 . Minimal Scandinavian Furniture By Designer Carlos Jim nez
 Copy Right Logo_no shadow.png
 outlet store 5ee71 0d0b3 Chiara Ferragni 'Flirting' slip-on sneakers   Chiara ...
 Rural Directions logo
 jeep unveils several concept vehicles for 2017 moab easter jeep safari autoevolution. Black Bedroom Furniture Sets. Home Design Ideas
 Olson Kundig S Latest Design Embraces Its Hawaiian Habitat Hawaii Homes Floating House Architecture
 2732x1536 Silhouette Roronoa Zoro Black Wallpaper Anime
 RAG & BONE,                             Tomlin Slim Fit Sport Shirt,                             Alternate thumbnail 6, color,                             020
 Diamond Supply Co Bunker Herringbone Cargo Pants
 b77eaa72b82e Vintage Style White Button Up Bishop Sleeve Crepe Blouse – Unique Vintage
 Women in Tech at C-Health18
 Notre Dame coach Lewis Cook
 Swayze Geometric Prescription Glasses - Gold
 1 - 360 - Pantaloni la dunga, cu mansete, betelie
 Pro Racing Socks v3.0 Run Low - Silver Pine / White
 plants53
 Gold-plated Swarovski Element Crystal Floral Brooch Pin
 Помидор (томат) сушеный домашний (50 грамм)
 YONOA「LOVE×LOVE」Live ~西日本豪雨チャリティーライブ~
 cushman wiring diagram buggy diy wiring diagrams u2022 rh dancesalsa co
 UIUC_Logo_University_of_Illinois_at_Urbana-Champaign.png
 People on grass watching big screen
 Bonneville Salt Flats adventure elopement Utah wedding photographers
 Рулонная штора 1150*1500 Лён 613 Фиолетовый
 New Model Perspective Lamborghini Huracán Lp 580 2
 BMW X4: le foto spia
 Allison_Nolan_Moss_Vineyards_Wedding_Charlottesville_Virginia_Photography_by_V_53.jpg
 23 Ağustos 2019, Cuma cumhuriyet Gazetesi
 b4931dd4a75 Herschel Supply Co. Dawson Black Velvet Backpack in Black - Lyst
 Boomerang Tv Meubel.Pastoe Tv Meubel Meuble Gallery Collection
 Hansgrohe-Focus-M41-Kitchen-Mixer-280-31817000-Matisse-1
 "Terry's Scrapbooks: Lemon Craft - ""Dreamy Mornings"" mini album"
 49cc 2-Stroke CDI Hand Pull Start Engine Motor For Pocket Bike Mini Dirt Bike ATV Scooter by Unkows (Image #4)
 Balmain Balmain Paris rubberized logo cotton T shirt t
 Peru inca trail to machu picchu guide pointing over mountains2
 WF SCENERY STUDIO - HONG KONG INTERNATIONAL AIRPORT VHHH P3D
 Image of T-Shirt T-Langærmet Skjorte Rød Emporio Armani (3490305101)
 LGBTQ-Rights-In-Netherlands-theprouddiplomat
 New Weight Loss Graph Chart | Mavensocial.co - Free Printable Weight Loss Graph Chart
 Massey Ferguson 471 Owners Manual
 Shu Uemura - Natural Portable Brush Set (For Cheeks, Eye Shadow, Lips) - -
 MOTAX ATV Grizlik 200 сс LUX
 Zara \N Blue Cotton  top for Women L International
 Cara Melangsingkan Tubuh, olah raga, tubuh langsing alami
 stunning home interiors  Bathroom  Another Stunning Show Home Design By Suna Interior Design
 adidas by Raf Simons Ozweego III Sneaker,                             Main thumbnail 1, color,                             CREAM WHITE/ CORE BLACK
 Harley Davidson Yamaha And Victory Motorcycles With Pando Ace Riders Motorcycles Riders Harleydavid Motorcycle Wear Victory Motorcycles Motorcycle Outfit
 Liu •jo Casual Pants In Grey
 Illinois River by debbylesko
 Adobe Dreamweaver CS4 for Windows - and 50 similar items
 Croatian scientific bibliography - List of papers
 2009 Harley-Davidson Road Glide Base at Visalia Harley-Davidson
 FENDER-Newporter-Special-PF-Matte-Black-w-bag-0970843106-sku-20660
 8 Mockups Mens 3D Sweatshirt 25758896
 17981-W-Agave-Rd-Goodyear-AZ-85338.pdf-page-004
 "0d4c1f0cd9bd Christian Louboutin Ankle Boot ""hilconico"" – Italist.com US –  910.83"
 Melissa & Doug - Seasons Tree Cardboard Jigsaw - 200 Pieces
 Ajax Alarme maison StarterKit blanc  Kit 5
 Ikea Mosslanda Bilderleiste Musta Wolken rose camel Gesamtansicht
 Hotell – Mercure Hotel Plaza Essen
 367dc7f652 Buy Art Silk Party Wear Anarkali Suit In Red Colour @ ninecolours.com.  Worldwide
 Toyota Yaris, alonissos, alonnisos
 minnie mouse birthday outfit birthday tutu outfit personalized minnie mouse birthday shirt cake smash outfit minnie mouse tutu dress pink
===
Exercise instructions: For every line above with the word "thumbnail" in it, make a copy.

Answer:
 RAG & BONE,                             Tomlin Slim Fit Sport Shirt,                             Alternate thumbnail 6, color,                             020
 adidas by Raf Simons Ozweego III Sneaker,                             Main thumbnail 1, color,                             CREAM WHITE/ CORE BLACK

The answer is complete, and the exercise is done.